Pete Conrad’s crew turned the moonflight into a comedy, and why not? These three men, Conrad, Dick Gordon, and Alan Bean, had flown together since their test pilot days. They fine-tuned the landing prodedure for Apollo, but they also had more fun than other crews. Later crews began emphasizing what scientists in the back room really wanted. Starting with Apollo 14 (which took over Apollo 13’s original mission due to the service module accident), both test pilot and scientist-astronaut became newly minted geologists, a bit of culture shock for the likes of Alan Shepard and Edgar Mitchell, but a challenge for John Young, Charlie Duke, and Gene Cernan. The program ended with an actual geologist, Jack Schmitt, landing on the moon and performing what scientists thought was the most productive landing ever.

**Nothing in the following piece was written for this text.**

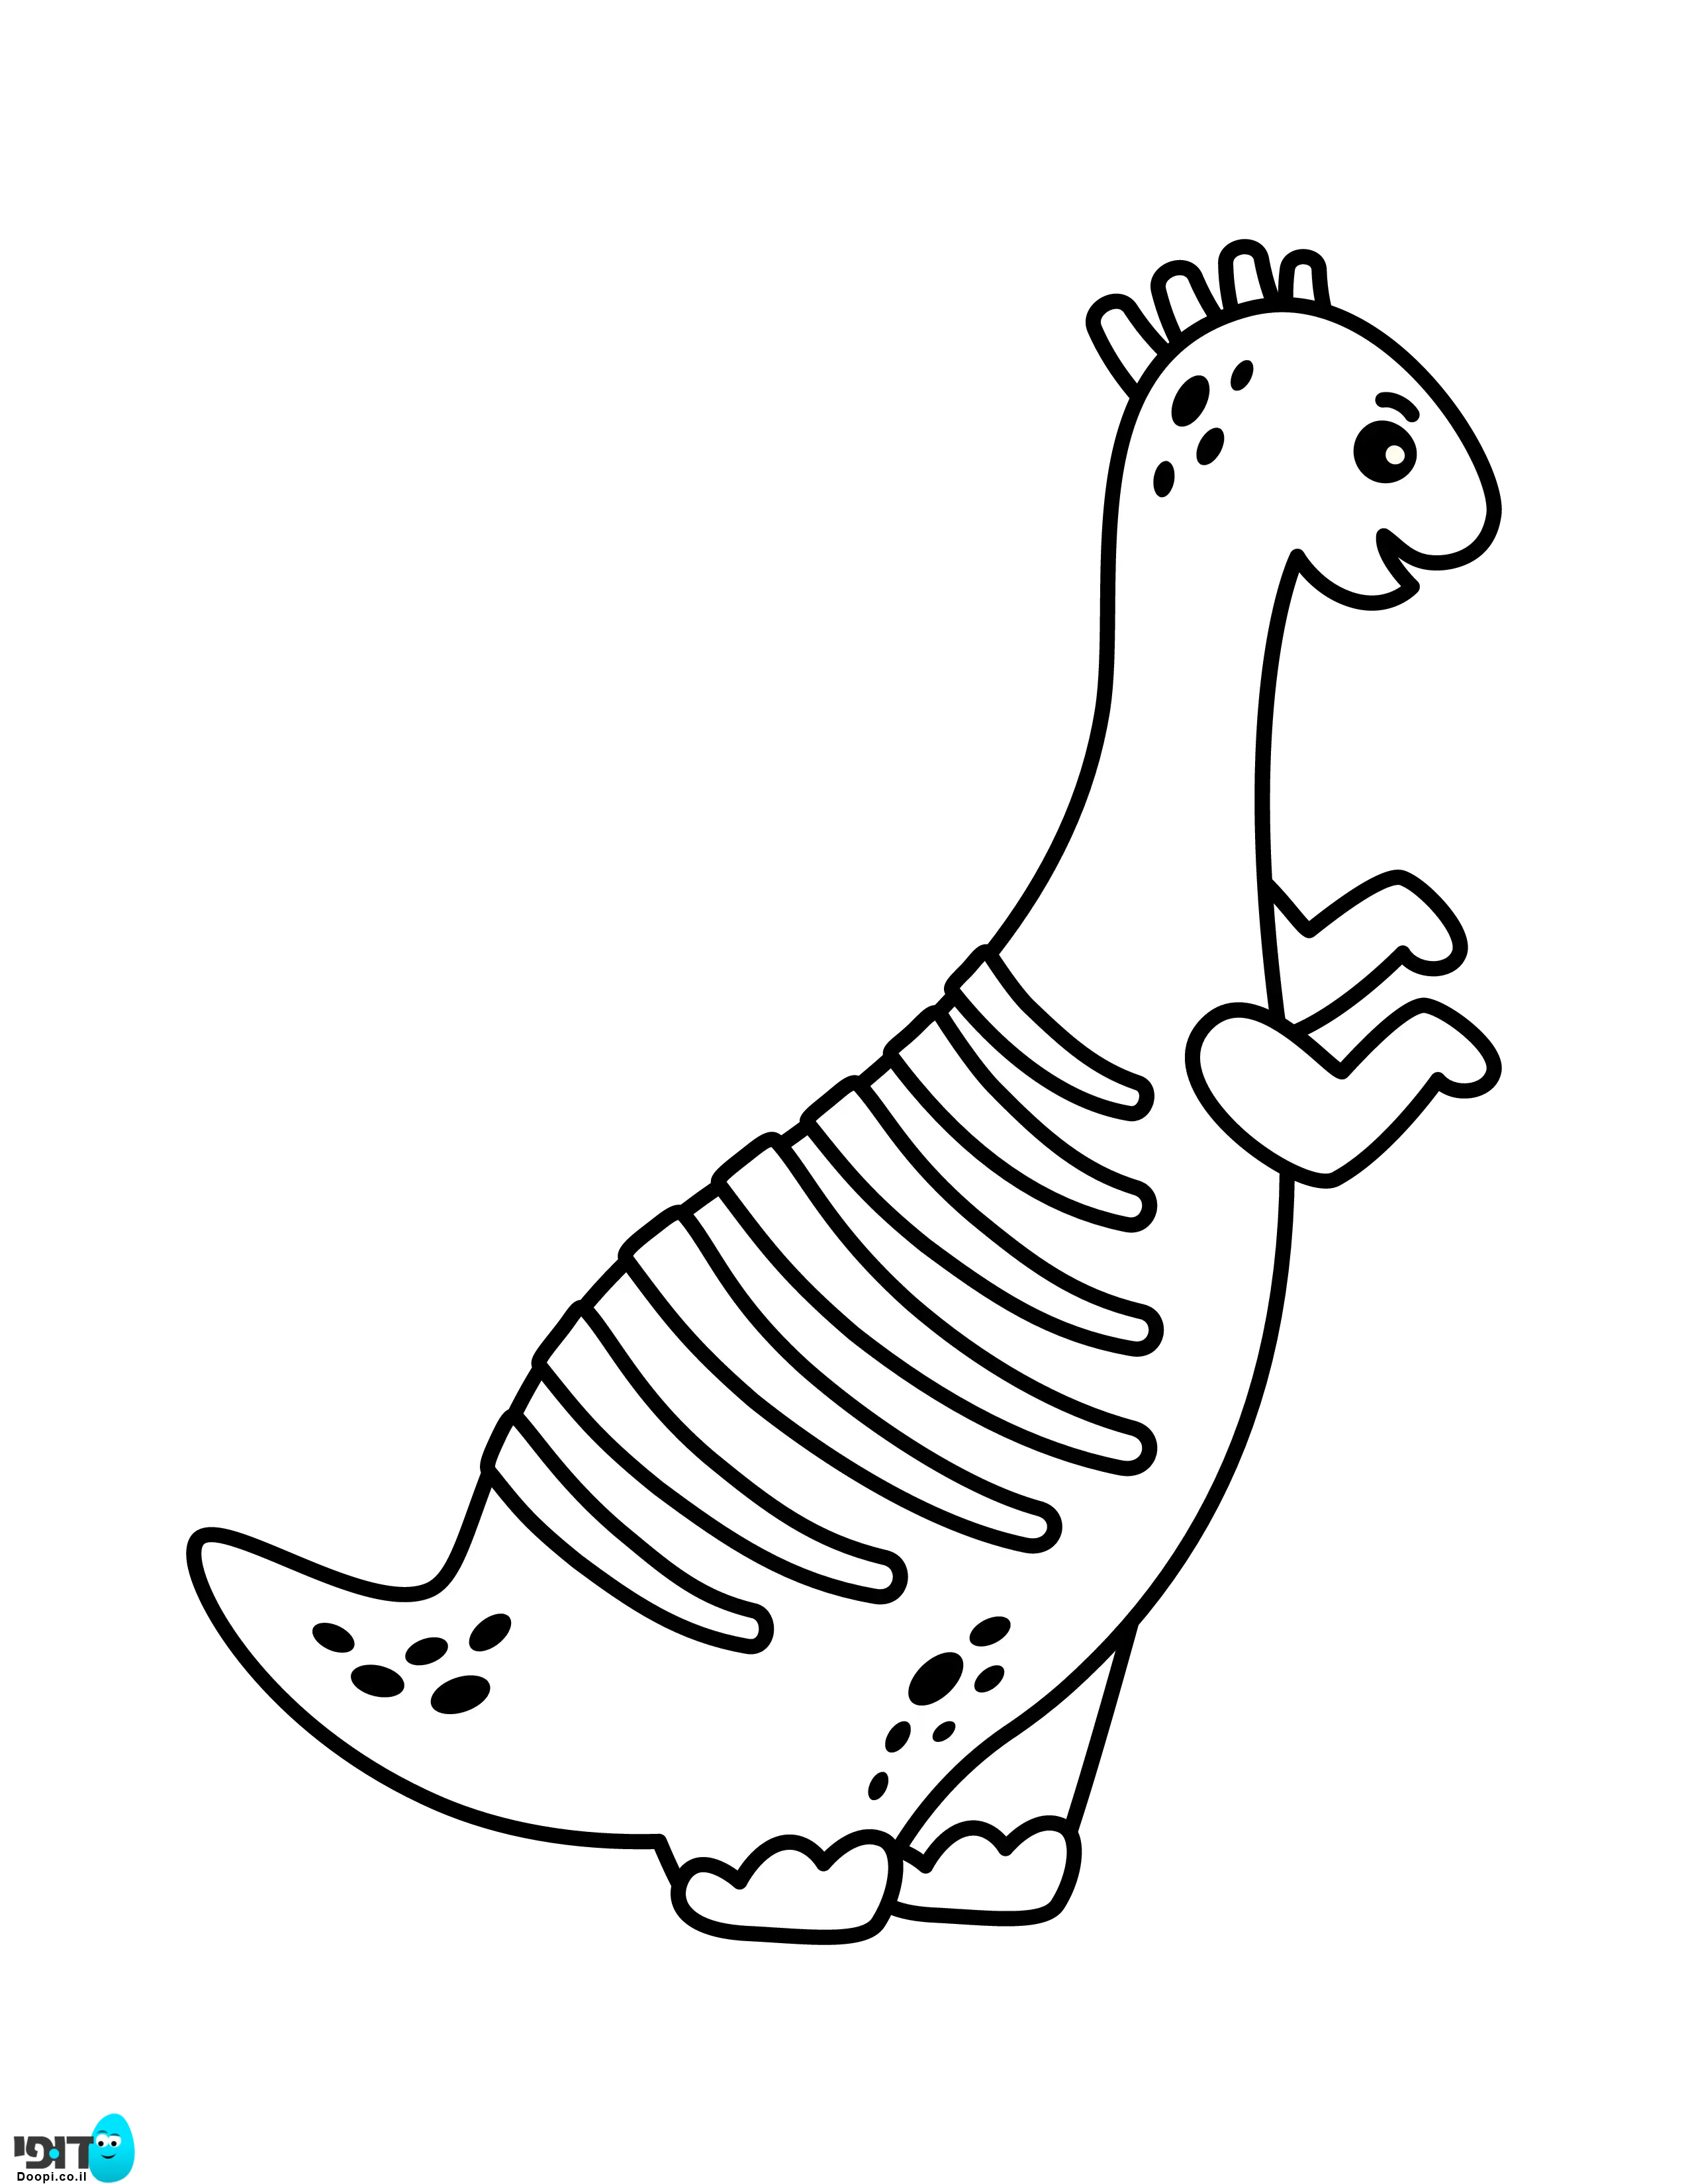 דף צביעה דינוזאור מיוחד וחמוד

Chaikin doesn’t talk about it, but one has to look at the last Apollo mission, the Apollo-Soyuz Test Project, a mission that eventually led to the Shuttle-Mir missions of the 1980s and 1990s. Like Apollo 1, the crew featured one Mercury astronaut (Deke Slayton), one from Gemini (Tom Stafford), and one rookie from the Original 19 (Vance Brand). Perhaps as important symbolically, the Soviets sent up Alexei Leonov, the first human ever to leave his spacecraft in orbit. It’s never said, but Americans and Russians eyeballed each other in the space race, seeing what did and did not work. The Soviets had more go fever than the Americans (Apollo 13 was a missed defect, not a rush job), but each success on one side pushed the other and each failure revealed changes needed in the other’s spacecraft as well. Indeed, the shuttle built the ISS while the Soyuz remains its sole taxi pending Dragon 2’s debut this year.

One could say that Apollo’s been done to death already, especially since the movie Apollo 13 and Tom Hanks’s miniseries From the Earth to the Moon. But as the book and movie Hidden Figures proves, there are still a lot of stories to tell. And they need to be told before this era passes from living memory.